Prof. Burger’s analysis also shows that changes in durable consumption, investment in the manufacturing sector, investment in the private sector, as well as investment in non-residential buildings preceded changes in the GDP. If changes in a variable such as durable consumption precede changes in the GDP, it is an indication that durable consumption is one of the drivers of the business cycle. The up or down swing of durable consumption may, in other words, just as well contribute to an up or down swing in the business cycle.

A surprising finding of the analysis is the particularly strong role durable consumption has played in the business cycle since 1994. This finding is especially surprising due to the fact that durable consumption only constitutes about 12% of the total household consumption.

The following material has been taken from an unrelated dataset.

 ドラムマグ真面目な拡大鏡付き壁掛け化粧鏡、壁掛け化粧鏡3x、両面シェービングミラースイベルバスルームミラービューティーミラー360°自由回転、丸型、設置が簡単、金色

A further surprising finding is the particularly small role exports have been playing since 1960 as a driver of the business cycle. In South Africa it is still generally accepted that exports are one of the most important drivers of the business cycle. It is generally accepted that, should the business cycles of South Africa’s most important trade partners show an upward phase; these partners will purchase more from South Africa. This increase in exports will contribute to the South African economy moving upward. Prof. Burger’s analyses shows, however, that exports have generally never fulfil this role.

Over and above the identification of the drivers of the South African business cycle, Prof. Burger’s analysis also investigated the volatility of the business cycle.

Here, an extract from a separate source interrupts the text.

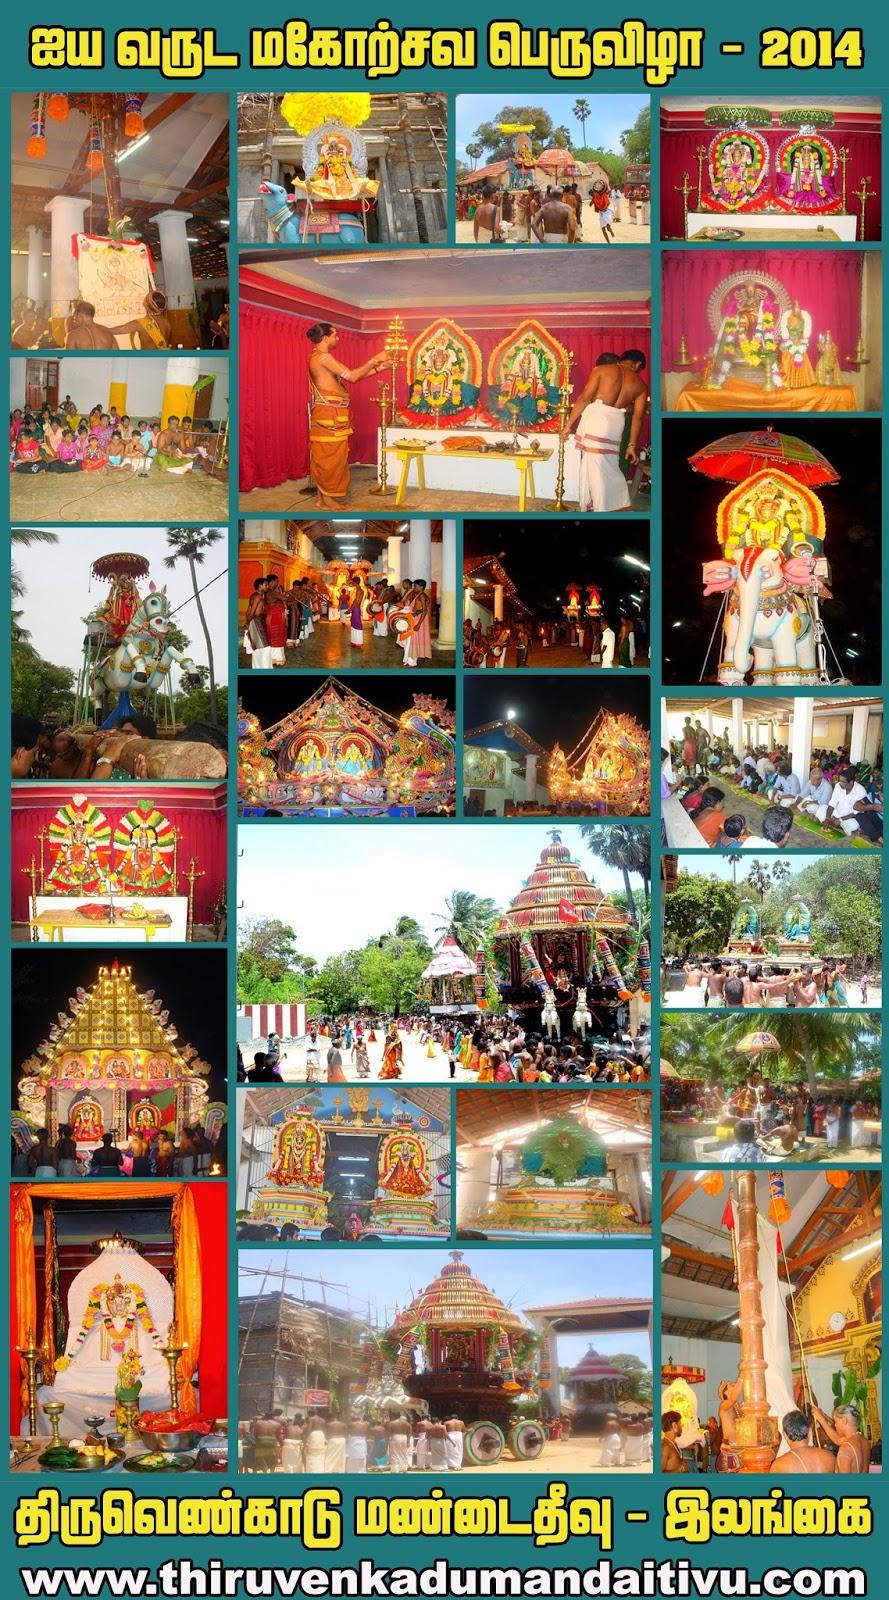 http://www.thiruvenkadumandaitivu.com/2014/11/2014.html

When the periods 1976-1994 and 1994-2006 are compared, the analysis shows that the volatility of the business cycle has reduced since 1994 with more than half. The reduction in volatility can be traced to the reduction in the volatility of household consumption (especially durables and services), as well as a reduction in the volatility of investment in machinery, non-residential buildings and transport equipment. The last three coincide with the general reduction in the volatility of investment in the manufacturing sector. Investment in sectors such as electricity and transport (not to be confused with investment in transport equipment by various sectors) which are strongly dominated by the government, did not contribute to the decrease in volatility.

In his analysis, Prof. Burger supplies reasons for the reduction in volatility. One of the explanations is the reduction in the shocks affecting the economy – especially in the South African context. Another explanation is the application of an improved monetary policy by the South African Reserve Bank since the mid 1990’s. A third explanation is the better access to liquidity and credit since the mid 1990’s, which enables the better management of household finance and the absorption of financial shocks.

A further reason which contributed to the reduction in volatility in countries such as the United States of America’s business cycle is better inventory management. While the volatility of inventory in South Africa has also reduced there is, according to Prof. Burger, little proof that better inventory management contributed to the reduction in volatility of the GDP.